* Work to be completed
Instruction for the data below: set down exactly the lines from the line with "Эйлатские горы - Водопад" to the line with "(Black/Blue Camo, XL)", inclusive, and no others.

* Listed records
┄┄┄┄┄┄┄┄┄┄

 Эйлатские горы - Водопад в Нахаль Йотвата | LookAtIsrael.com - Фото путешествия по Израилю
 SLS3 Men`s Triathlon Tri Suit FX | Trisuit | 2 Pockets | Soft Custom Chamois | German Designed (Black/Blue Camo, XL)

┄┄┄┄┄┄┄┄┄┄

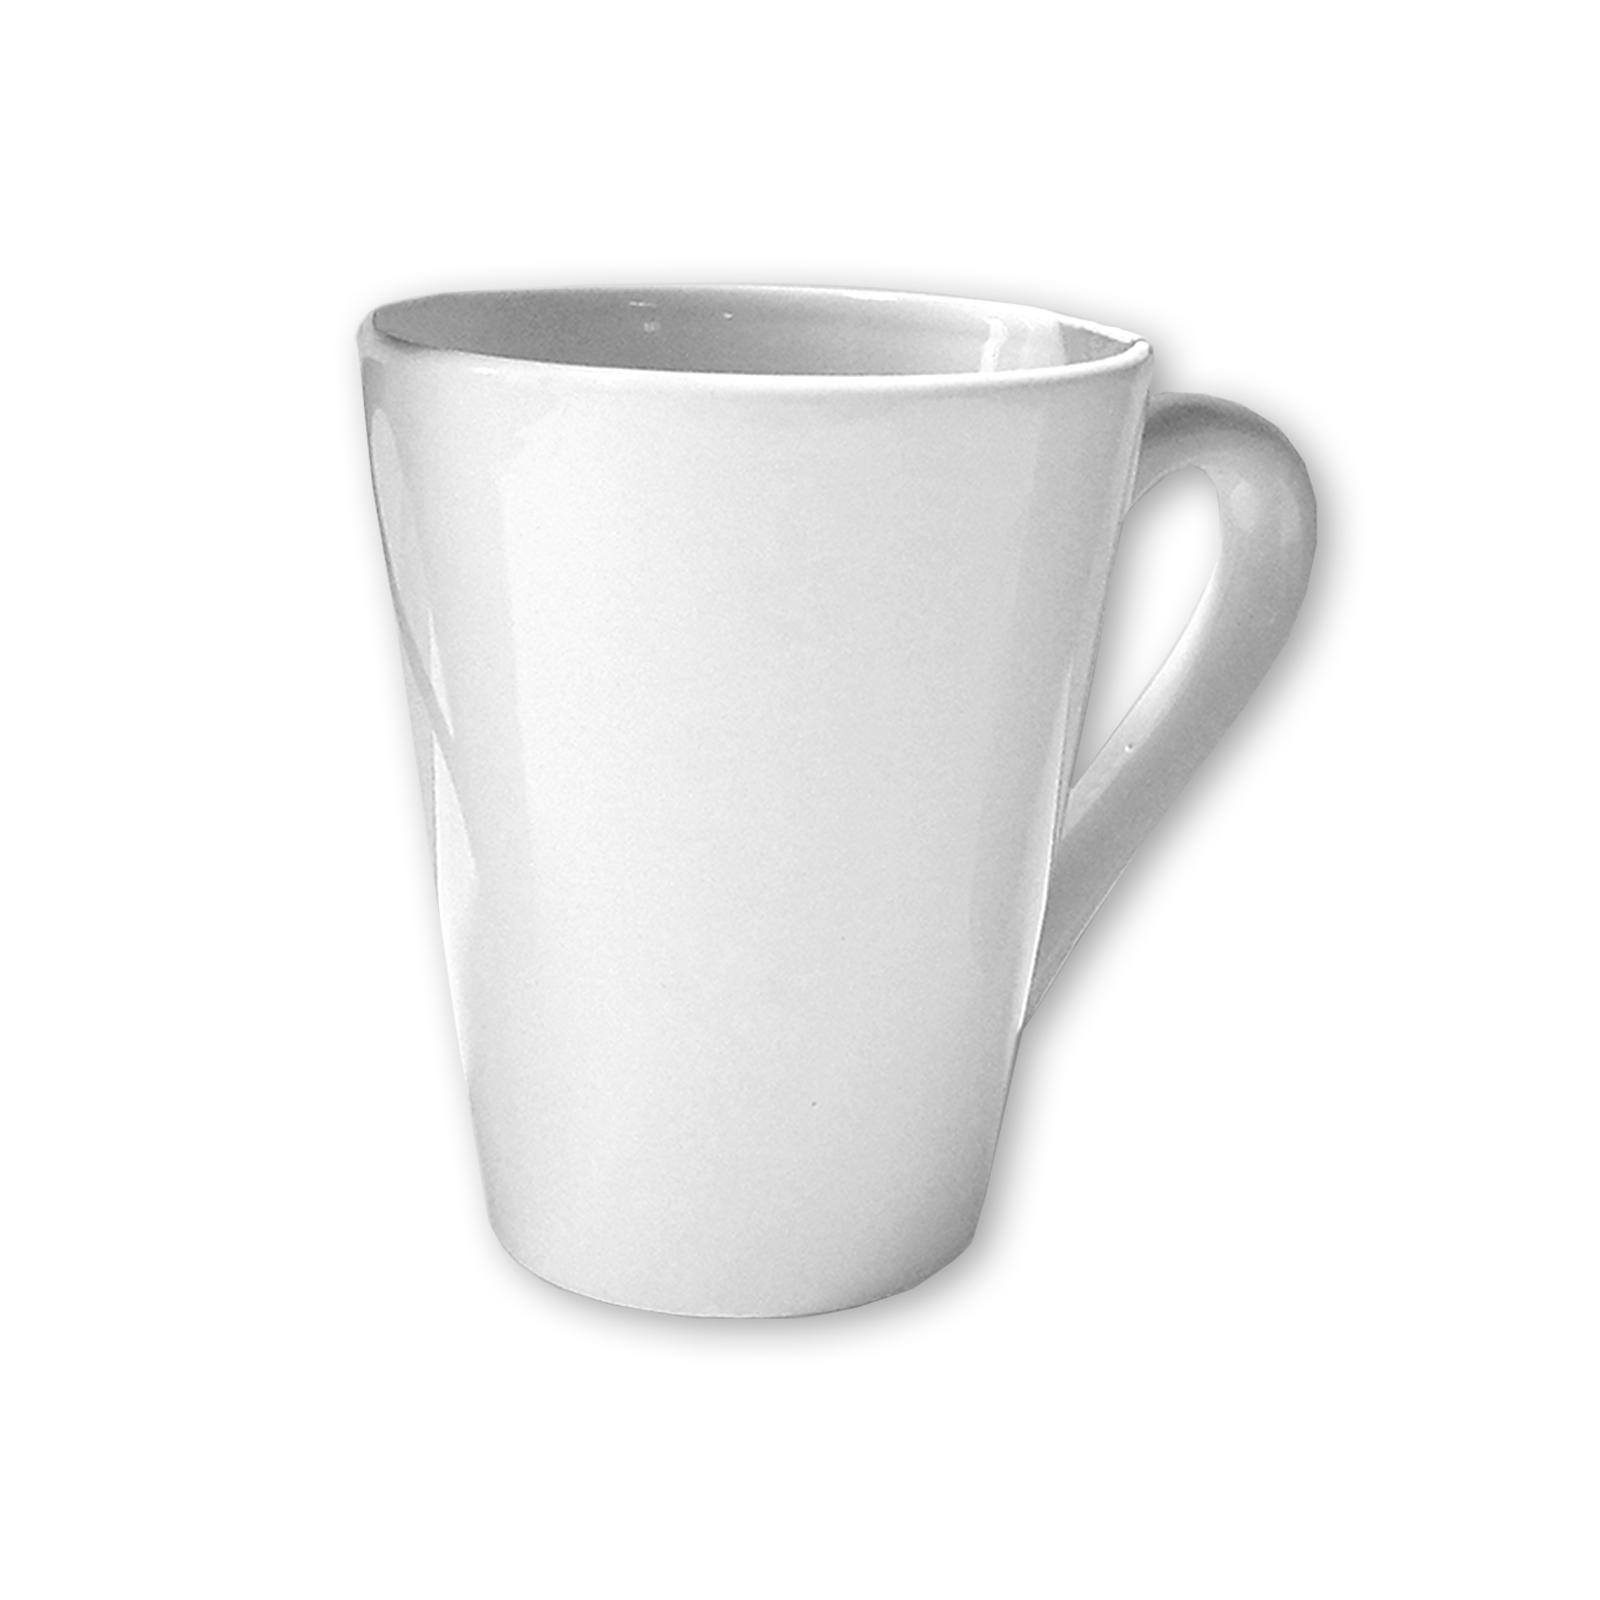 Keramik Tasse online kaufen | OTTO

┄┄┄┄┄┄┄┄┄┄

* Task solution
 Эйлатские горы - Водопад в Нахаль Йотвата | LookAtIsrael.com - Фото путешествия по Израилю
 SLS3 Men`s Triathlon Tri Suit FX | Trisuit | 2 Pockets | Soft Custom Chamois | German Designed (Black/Blue Camo, XL)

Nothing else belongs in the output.